19 июля на заседании Политбюро Брежнев высказал предположение, что «здоровые силы сейчас не обратятся к нам за помощью». Отсюда следовал вывод: «Все ли мы исчерпали из арсенала политического воздействия? Мы заявили о том, что примем все зависящие от нас меры политического воздействия. Если это не даст соответствующего эффекта, только тогда предпримем крайние меры».
Началась спешная проработка этих «крайних мер». Были подготовлены декларации политбюро ЦК КПЧ и революционного правительства ЧССР о внутренней и внешней политике, обращения к гражданам Чехословакии, заявление ЦК КПСС «К советскому народу». В нем утверждалось, что социалистическая Чехословакия оказалась на пороге смертельной опасности и, «сознавая всю глубину опасности, нависшей над страной, лучшие представители чехословацких коммунистов образовали президиум ЦК КПЧ и революционного правительства ЧССР, принявшего на себя всю полноту ответственности за руководство делами государства. <...> В этих условиях советское правительство приняло единственно необходимое решение и дало приказ частям Советской армии оказать помощь революционному правительству Чехословакии. <...> Такие же решения приняли правительства Польской Народной Республики, Венгерской Народной Республики, Народной Республики Болгарии, которые вместе с нами выполняют свой интернациональный долг».

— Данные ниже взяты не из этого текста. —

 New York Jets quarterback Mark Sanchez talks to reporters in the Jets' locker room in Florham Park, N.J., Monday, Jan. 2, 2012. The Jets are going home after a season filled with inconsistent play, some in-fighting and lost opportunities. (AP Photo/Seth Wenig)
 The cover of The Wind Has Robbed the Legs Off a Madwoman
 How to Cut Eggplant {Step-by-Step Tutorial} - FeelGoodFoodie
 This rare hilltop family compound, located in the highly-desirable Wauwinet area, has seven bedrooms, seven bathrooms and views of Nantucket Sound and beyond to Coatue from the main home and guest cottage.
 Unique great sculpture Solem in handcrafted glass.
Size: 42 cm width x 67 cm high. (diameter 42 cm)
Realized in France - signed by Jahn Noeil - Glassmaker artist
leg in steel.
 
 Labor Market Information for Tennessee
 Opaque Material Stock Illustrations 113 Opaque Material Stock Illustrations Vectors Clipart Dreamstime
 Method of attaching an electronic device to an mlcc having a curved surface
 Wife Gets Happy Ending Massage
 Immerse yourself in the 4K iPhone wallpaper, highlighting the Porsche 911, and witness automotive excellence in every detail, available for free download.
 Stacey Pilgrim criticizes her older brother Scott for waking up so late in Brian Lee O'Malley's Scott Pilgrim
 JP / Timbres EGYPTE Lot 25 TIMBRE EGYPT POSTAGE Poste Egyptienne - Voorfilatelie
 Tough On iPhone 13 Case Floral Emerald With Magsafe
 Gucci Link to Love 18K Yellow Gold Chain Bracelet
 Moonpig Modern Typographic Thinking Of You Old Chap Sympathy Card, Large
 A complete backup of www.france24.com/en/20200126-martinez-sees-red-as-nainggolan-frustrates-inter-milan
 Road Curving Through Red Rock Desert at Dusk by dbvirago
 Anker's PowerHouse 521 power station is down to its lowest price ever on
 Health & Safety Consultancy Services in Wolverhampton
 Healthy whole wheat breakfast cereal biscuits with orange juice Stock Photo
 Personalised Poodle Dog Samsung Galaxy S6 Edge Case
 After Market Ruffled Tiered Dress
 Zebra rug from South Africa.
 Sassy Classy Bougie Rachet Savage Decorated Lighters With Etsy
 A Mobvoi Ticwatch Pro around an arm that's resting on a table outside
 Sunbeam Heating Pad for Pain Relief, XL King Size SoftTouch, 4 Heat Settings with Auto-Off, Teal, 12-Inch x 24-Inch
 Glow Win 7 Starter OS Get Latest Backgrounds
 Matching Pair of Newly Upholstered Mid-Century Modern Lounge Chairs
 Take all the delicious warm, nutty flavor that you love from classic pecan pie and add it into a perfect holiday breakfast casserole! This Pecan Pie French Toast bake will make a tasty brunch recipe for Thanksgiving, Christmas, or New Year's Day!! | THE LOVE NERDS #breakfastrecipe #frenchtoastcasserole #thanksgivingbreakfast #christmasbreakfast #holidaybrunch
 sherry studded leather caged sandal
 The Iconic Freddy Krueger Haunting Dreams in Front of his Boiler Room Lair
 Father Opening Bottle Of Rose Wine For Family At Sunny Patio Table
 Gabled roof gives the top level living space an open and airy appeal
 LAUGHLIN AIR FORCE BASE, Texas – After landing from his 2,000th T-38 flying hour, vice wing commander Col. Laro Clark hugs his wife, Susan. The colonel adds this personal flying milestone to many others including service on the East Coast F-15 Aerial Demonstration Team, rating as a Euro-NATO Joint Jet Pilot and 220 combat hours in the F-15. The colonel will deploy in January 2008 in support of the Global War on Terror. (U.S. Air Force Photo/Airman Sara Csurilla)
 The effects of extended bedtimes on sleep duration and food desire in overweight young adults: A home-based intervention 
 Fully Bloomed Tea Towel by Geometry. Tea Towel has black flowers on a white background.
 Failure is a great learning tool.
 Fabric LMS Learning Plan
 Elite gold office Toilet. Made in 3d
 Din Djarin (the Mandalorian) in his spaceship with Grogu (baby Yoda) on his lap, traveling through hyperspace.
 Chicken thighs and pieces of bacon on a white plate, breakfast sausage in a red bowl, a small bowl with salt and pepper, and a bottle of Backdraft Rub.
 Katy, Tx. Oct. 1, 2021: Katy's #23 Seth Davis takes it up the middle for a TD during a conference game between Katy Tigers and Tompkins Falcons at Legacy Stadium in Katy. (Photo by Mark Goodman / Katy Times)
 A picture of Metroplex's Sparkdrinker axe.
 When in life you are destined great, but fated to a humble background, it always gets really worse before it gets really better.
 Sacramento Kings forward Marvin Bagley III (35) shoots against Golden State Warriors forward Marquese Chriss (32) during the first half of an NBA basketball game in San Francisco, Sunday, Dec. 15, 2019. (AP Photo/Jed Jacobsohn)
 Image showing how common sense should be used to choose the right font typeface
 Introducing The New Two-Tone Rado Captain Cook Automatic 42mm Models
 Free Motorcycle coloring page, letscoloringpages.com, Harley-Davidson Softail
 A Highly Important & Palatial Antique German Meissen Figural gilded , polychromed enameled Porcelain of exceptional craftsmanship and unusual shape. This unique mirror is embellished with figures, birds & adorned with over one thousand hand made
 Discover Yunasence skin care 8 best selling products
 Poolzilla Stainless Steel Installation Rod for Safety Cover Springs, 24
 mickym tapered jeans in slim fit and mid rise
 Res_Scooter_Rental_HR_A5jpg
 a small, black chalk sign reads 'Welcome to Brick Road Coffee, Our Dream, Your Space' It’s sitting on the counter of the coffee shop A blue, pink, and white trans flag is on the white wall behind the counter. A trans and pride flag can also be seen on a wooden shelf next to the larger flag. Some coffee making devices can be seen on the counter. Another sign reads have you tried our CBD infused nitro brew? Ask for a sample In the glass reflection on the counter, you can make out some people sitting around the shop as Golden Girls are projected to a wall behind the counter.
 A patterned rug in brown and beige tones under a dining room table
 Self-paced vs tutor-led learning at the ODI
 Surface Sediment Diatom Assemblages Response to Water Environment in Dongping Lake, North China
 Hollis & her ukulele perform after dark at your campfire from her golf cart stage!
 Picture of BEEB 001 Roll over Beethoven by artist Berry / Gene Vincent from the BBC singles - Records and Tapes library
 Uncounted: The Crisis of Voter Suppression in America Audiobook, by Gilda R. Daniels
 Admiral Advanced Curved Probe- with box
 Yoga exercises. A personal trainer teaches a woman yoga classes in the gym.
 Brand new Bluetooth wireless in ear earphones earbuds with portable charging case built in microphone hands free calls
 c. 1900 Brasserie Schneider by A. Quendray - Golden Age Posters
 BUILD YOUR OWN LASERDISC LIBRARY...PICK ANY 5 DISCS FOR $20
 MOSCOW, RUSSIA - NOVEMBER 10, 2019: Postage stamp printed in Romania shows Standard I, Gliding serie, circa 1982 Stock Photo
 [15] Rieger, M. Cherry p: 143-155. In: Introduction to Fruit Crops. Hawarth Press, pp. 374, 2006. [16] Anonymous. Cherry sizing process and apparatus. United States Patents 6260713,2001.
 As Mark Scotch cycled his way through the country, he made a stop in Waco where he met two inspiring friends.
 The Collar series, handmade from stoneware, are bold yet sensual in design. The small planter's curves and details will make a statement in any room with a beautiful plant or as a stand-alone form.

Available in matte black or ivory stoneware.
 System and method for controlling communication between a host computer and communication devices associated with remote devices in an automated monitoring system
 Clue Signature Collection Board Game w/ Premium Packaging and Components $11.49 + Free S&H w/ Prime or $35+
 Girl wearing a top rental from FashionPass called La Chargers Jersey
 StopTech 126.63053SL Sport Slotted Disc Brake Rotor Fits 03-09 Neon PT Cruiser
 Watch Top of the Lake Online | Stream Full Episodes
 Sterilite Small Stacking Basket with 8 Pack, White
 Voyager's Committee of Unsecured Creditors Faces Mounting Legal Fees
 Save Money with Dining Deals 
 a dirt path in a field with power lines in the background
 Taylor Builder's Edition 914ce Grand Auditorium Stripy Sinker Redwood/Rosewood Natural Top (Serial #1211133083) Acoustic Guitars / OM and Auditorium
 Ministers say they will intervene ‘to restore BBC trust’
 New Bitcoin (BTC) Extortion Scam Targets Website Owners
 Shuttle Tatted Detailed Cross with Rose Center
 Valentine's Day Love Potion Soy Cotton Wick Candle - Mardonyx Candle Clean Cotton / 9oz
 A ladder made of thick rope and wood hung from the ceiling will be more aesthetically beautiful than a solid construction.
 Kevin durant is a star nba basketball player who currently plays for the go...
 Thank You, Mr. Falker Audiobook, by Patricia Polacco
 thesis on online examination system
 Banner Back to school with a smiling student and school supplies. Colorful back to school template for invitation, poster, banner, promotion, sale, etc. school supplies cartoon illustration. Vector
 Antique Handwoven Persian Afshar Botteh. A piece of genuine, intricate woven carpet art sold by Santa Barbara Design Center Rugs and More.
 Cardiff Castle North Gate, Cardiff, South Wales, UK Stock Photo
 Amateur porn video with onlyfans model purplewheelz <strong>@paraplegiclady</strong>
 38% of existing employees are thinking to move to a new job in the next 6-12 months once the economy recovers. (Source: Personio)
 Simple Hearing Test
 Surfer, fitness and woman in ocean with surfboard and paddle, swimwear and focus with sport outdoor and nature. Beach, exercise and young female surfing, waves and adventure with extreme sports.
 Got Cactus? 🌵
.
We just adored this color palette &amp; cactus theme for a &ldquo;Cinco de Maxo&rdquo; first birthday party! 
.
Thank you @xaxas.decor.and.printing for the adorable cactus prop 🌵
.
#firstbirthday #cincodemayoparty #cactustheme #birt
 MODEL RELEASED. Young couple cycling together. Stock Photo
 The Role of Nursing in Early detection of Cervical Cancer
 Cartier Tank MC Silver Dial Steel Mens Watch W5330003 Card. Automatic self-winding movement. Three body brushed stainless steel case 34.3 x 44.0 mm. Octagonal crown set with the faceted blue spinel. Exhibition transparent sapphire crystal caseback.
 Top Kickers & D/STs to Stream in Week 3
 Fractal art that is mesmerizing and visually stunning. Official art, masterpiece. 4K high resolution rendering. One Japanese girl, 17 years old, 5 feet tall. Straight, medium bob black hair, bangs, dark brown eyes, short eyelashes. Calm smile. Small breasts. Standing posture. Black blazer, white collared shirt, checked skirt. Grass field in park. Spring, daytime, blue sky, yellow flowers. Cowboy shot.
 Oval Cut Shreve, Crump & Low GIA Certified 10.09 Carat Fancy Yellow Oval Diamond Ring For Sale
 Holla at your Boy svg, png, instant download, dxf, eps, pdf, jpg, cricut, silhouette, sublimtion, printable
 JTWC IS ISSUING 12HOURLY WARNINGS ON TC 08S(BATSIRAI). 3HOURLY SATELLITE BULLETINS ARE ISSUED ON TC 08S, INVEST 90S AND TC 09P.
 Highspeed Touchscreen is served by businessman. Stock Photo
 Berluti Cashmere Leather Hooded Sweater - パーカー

Однако сохранялся и второй путь – продолжение переговоров с руководством ЧССР, путь политических решений. 22 июля решением Политбюро оба этих направления закреплялись формально. Советскому послу в Праге было дано указание – передать согласие с чехословацким предложением о встрече Политбюро ЦК КПСС и президиума ЦК КПЧ, и было предложено провести эту встречу в Чиерне-над-Тиссой.
Участники встречи получили «Памятку для конфиденциальных бесед», где были сжато сформулированы основные требования: запрещение деятельности всех политических организаций, партий и клубов, выступающих против социализма; обеспечение контроля партии за СМИ; восстановление руководящей роли компартии в чехословацком обществе; ряд отставок. Для делегации КПСС на совещании братских партий содержалось требование к чехословацкой стороне: «Только проведение этих мероприятий не на словах, а на деле позволит нам – социалистическим странам – не прибегать к крайним мерам. В противоположном случае у нас не остается другого выхода». Эти требования носили откровенно ультимативный характер.
Первоначально рассчитывали, что переговоры в Чиерне-над-Тиссой будут короткими – всего один день, 29 июля. Планируемый провал переговоров открывал путь к «крайним мерам». Однако переговоры пошли не так, как ожидалось: была достигнута «договоренность обеих делегаций». Курс сторонников политических решений на этом этапе явно брал верх. Угроза военного вмешательства отодвинулась. Однако и чехословацкое руководство должно было заплатить за этот компромисс свою цену. Прежде всего, это гарантия управляемости партии и страны с позиций «пролетарского интернационализма», сохранения места Чехословакии в Варшавском договоре. Для этого следовало в первую очередь восстановить контроль за СМИ.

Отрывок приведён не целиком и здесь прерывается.